Among the most attractive villages on the island, boasting elaborate volcanic stone architecture and wonderful neoclassical houses with old doors and impressive lintels. Its highest point is dominated by the medieval Castle of Pantoniki with the 13th-century Church of the Archangels, where you can enjoy incredible views of the Aegean and the volcano’s caldera.

The Municipal Baths of Mandraki
The island’s old spa complex, just one kilometre from the capital, is now beautifully restored and has been designated a protected monument. When it was completed in 1912, it had 300 beds, baths, and a restaurant, and played host to well-known personalities from Greece and abroad. The baths are operating once more and offer therapeutic treatments to visitors and locals.

Built of black trachyte between the 6th and the 4th century BC, the acropolis of Nisyros is one of the most magnificent citadels in the Aegean. The astonishingly sturdy construction of its walls and towers means that the monument is still in excellent condition. There are also marvellous views from here at sunset.

The stone-paved paths
Nisyros’ footpaths attract tourists from all over the world. Along the forty marked routes that criss-cross every part of the island are monuments of folk architecture such as stone walls, farm buildings, old distilleries, and tiny churches.

The volcanic island opposite Nisyros is an amazing location thanks to the contrast between the pumice mines that operate here and the dense pine forest.

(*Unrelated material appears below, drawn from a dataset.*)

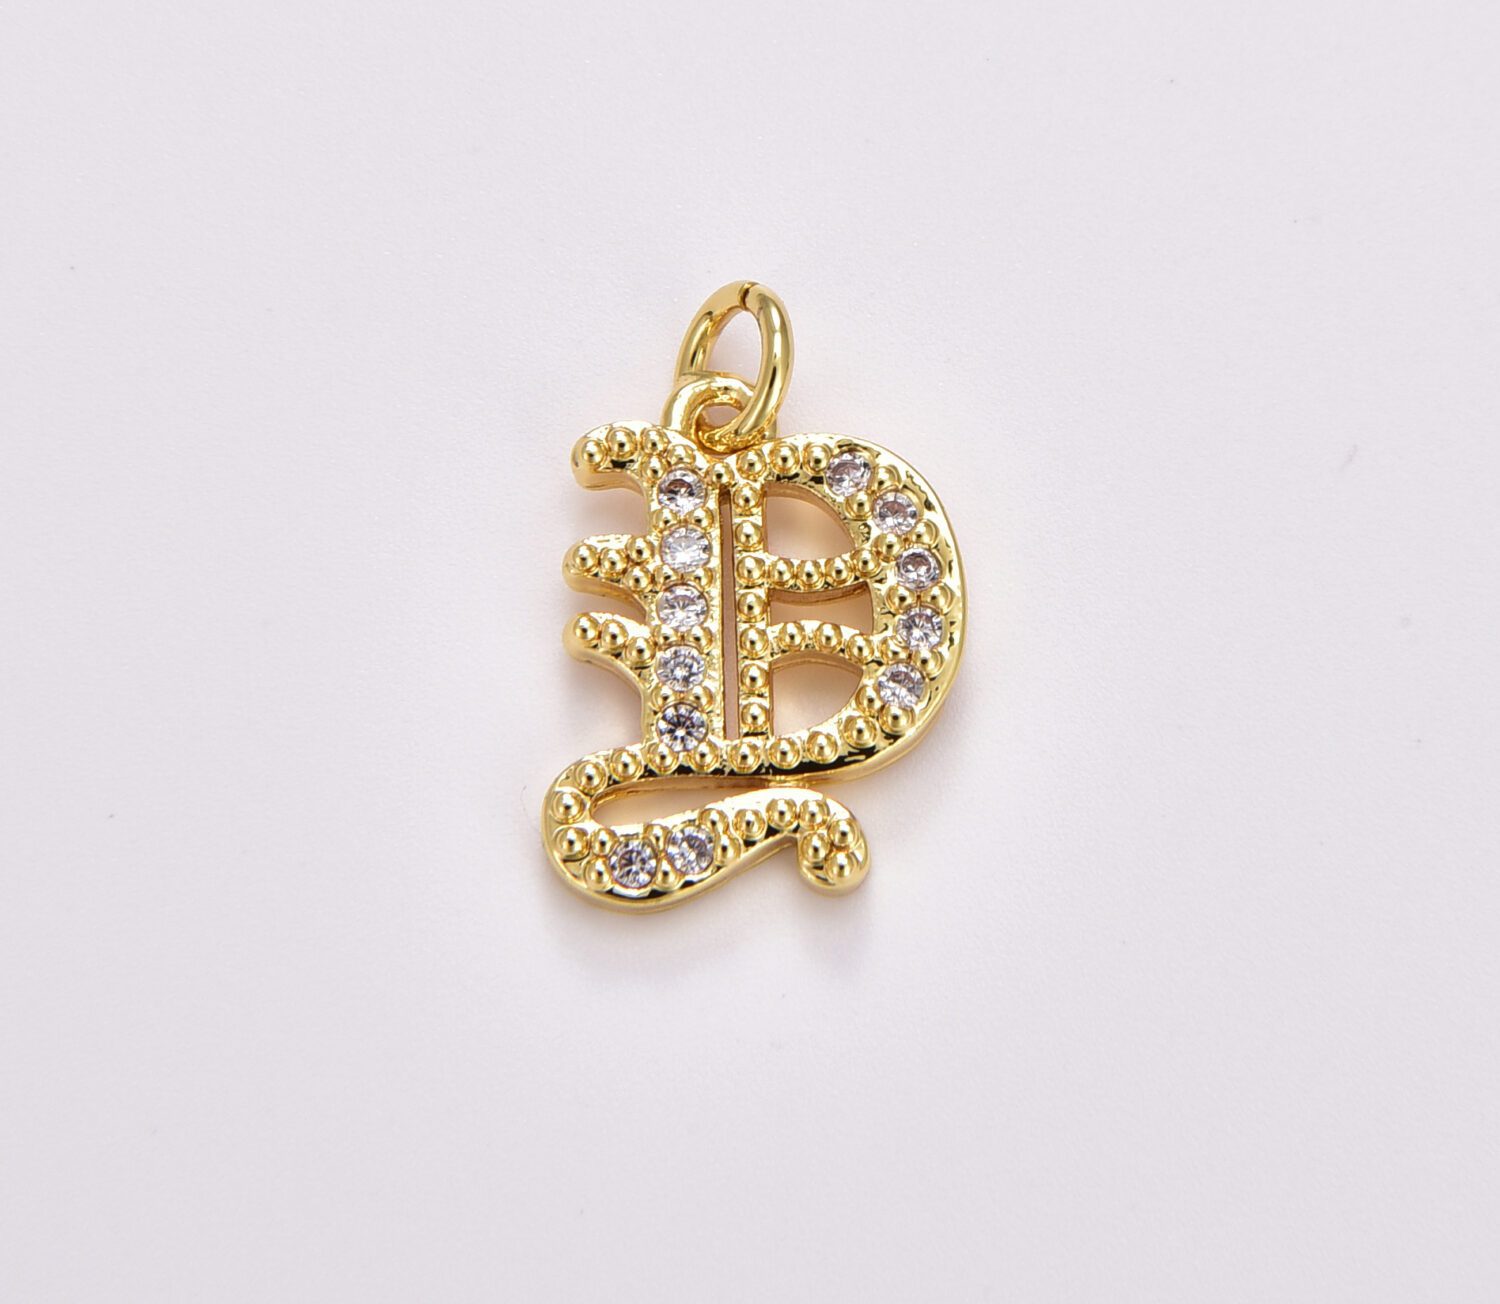 14K REAL Diamond Gothic Initial Charm Pendant Real Solid Gold Natural  Genuine Diamond Old English Initial Charm Pendant for Chain Necklace

The green trees, white rocks, and turquoise sea come together to create a landscape of wild exotic beauty that can be visited daily by excursion boat from Nisyros.

Tastes of Nisyros

The island’s cuisine is full of delicacies such as boukounies (pork cooked with fat), kapamas (goat stuffed with rice), pitthia (chickpea fritters), skordalia (garlic dip) with almonds, and kaparosalata (caper dip). 

In Nisyros, there are also excellent cheeses such as krasotiri (“wine cheese”) and sakouliasti (a local soft cheese). 

For traditional treats, choose sweet tomato preserve, xerotigana and diples (strips of fried dough folded and rolled into different shapes), loukoumades (doughnuts), finikia and kourabiedes (types of cookies), moustalevria (a pudding made with grape juice), and pastellaries (split figs with almonds and sesame seeds). 

Don’t miss the koukouzina (local raki from grapes or figs) and natural drinks such as soumada and kanelada (flavoured with almonds and cinnamon respectively).